CODEWITHSUNDEEP
pythonpyramid
joshlk
joshlk

Reputation: 1651

All addresses to go to a single page (catch-all route to a single view) in Python Pyramid

I am trying to alter the Pyramid hello world example so that any request to the Pyramid server serves the same page. i.e. all routes point to the same view. This is what iv got so far:

from wsgiref.simple_server import make_server
from pyramid.config import Configurator
from pyramid.response import Response

def hello_world(request):
    return Response('Hello %(name)s!' % request.matchdict)

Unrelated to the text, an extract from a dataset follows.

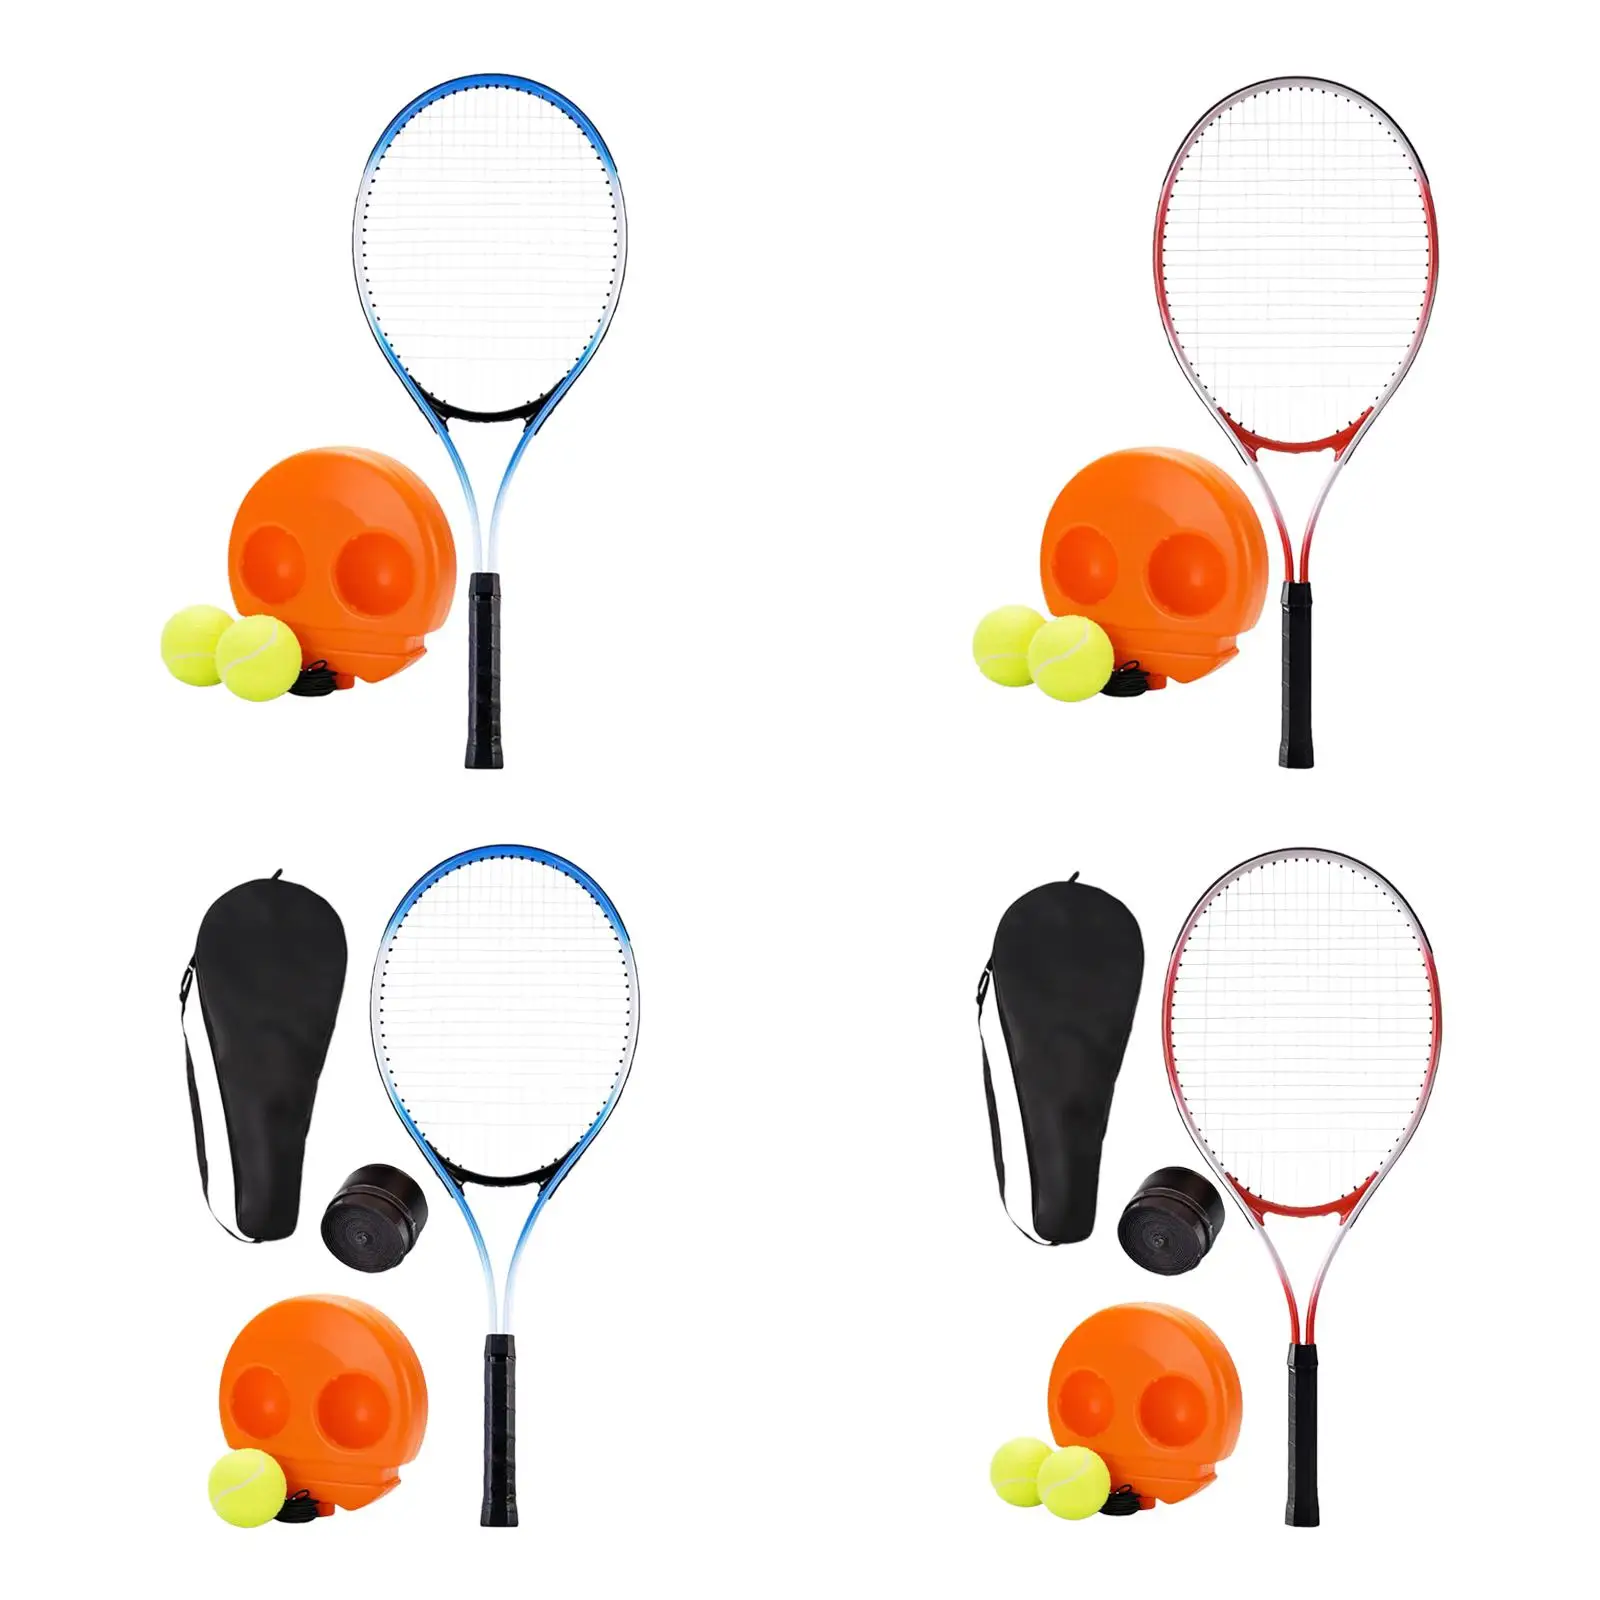 

Solo Tennis Trainer Rebound Ball Solo Tennis Training Aid Portable Park Single Player Garden Solo Training Tool for Adults

if __name__ == '__main__':
    config = Configurator()
    config.add_route('hello', '/*')
    config.add_view(hello_world, route_name='hello')
    app = config.make_wsgi_app()
    server = make_server('0.0.0.0', 8080, app)
    server.serve_forever()

All iv done is change the line (from the hello world example):

    config.add_route('hello', '/hello/{name}')

To:

    config.add_route('hello', '/*')

So I want the route to be a 'catch-all'. Iv tried various variations and cant get it to work. Does anyone have any ideas?

Thanks in advance

Upvotes: 6

Views: 1009

Answers (2)

Sergey
Sergey

Reputation: 12417

The syntax for the catchall route (which is called "traversal subpath" in Pyramid) is *subpath instead of *. There's also *traverse which is used in hybrid routing which combines route dispatch and traversal. You can read about it here: Using *subpath in a Route Pattern

In your view function you'll then be able to access the subpath via request.subpath, which is a tuple of path segments caught by the catchall route. So, your application would look like this:

from wsgiref.simple_server import make_server
from pyramid.config import Configurator
from pyramid.response import Response

def hello_world(request):
    if request.subpath:
        name = request.subpath[0]
    else:
        name = 'Incognito'
    return Response('Hello %s!' % name)

if __name__ == '__main__':
    with Configurator() as config:
        config.add_route('hello', '/*subpath')
        config.add_view(hello_world, route_name='hello')
        app = config.make_wsgi_app()
    server = make_server('0.0.0.0', 8081, app)
    server.serve_forever()

Don't do it via custom 404 handler, it smells of PHP :)

Upvotes: 10

Peter Tirrell
Peter Tirrell

Reputation: 3003

You could create a custom error handler (don't remember off the top of my head but it was in the Pyramid docs) and capture HTTP 404 errors, and redirect/render your catch-all route from there.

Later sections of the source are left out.